At this time, the CCD camera 31 is stopped, and the movement of the wafer stage 30 causes the CCD camera 31 to move.
Scans the entire surface. As a result of the inspection, if the mount is good, the robot 9 inserts it into the unloading wafer cassette 6 if the mount is not good, and into the defective wafer cassette 7 if the mount is bad.

[0039]

The present invention provides a cleaning unit in which a transfer head for supplying a flux to a large number of transfer projections and transferring a flux to a workpiece is detachably disposed on a holding surface parallel to the lower surface of the transfer head. In addition, since the contact is performed after the alignment, the transfer head can be brought into contact with the cleaning unit and the excess flux can be removed by the flux absorbing material without stopping the solder ball mounting device. It became something.

Accordingly, since cleaning can be performed periodically, no flux remains on the transfer projections of the transfer head, and stable transfer of the flux from the transfer head to the work can be performed, and the transfer quality does not deteriorate. . Furthermore, since it is not necessary to stop the operating solder ball device and manually wipe off the excess flux remaining in the transfer head by hand, there is no loss and no problem that the management becomes ambiguous.

[Brief description of the drawings]

FIG. 1 is a plan view of a solder ball mounting device.

FIG. 2 is an explanatory view showing a CCD camera for inspection at a wafer positioning position.

FIG. 3 is a side view of a flux transfer unit.

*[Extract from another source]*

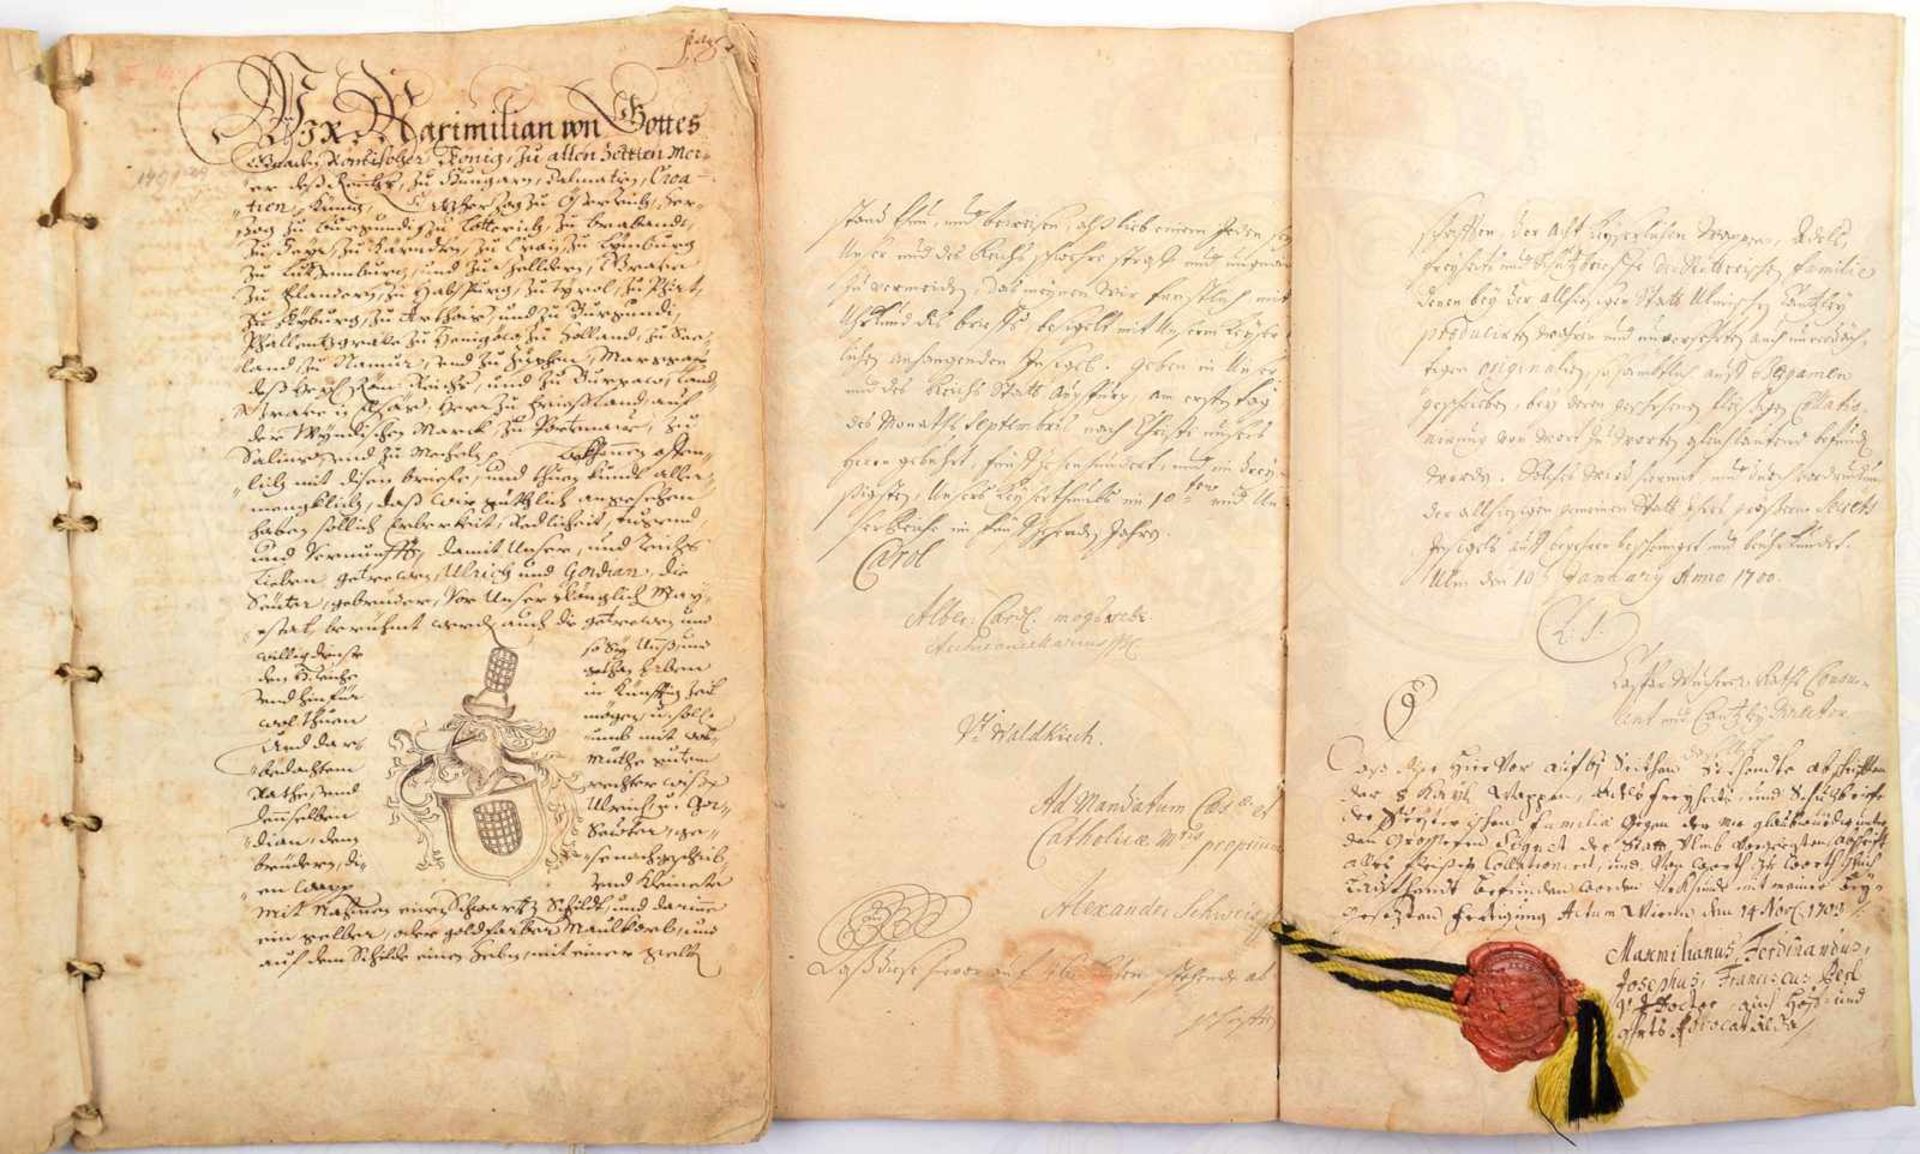 2 ADELSDIPLOME VON SEUTTER, 2 zeitgenössische beglaubigte Kanzlei-Abschriften 1700 u. Österreich - Bild 2 aus 2

FIG. 4 is a side view of a ball mount unit.

[Explanation of symbols]

 1. . . . . . . . 1. Wafer supply unit . . . . . . . Flux transfer unit 3. . . . . . . . Ball mount part 4. . . . . . . . Work drive mechanism 5, 6, 7. . . . 7. Wafer cassette . . . . . . . 8. Wafer positioning position . . . . . . . Robot 10. . . . . . . Flux supply device 11. . . . . . . 11. Flux transfer position . . . . . . Cleaning unit 13. . . . . . . Transfer head 14. . . . . . . Flux leveling part 15. . . . . . . Squeegee 16. . . . . . . Flux supply unit 18. . . . . . . Non-woven fabric 19. . . . . . . Ball supply device 20. . . . . . . Ball mount position 21. . . . . . . Excess ball removing device 22, 22 ', 23, 23', 31. . . CCD camera 24. . . . . . . Ball discharge device 25. . . . . . . Mount head 27. . . . . . . Ball tray 28. . . . . . . Supply port 29. . . . . . . Sensor 30. . . . . . . Wafer stage 32. . . . . . . Illuminators 33, 34, 34 ', 35, 35'. . . motor

Claims (2)

[Claims] 1. A transfer head for supplying flux to a large number of transfer projections formed on a lower surface to transfer a flux to a workpiece, and a cleaning device in which a flux absorbing material is detachably disposed on a holding surface parallel to the lower surface of the transfer head. And a drive unit for aligning and contacting the cleaning unit and the lower surface of the transfer head, and a control unit for instructing a cleaning operation. 2. A method for transferring flux to a workpiece by supplying flux to a large number of transfer projections formed on a lower surface of a transfer head, wherein a flux absorbing material is detachably disposed on a holding surface parallel to the lower surface of the transfer head. A transfer unit, wherein the lower surface of the transfer unit and the cleaning unit are aligned by the drive unit in accordance with a cleaning operation command from the control unit, and then the transfer head is brought into contact with the cleaning unit. How to clean the head.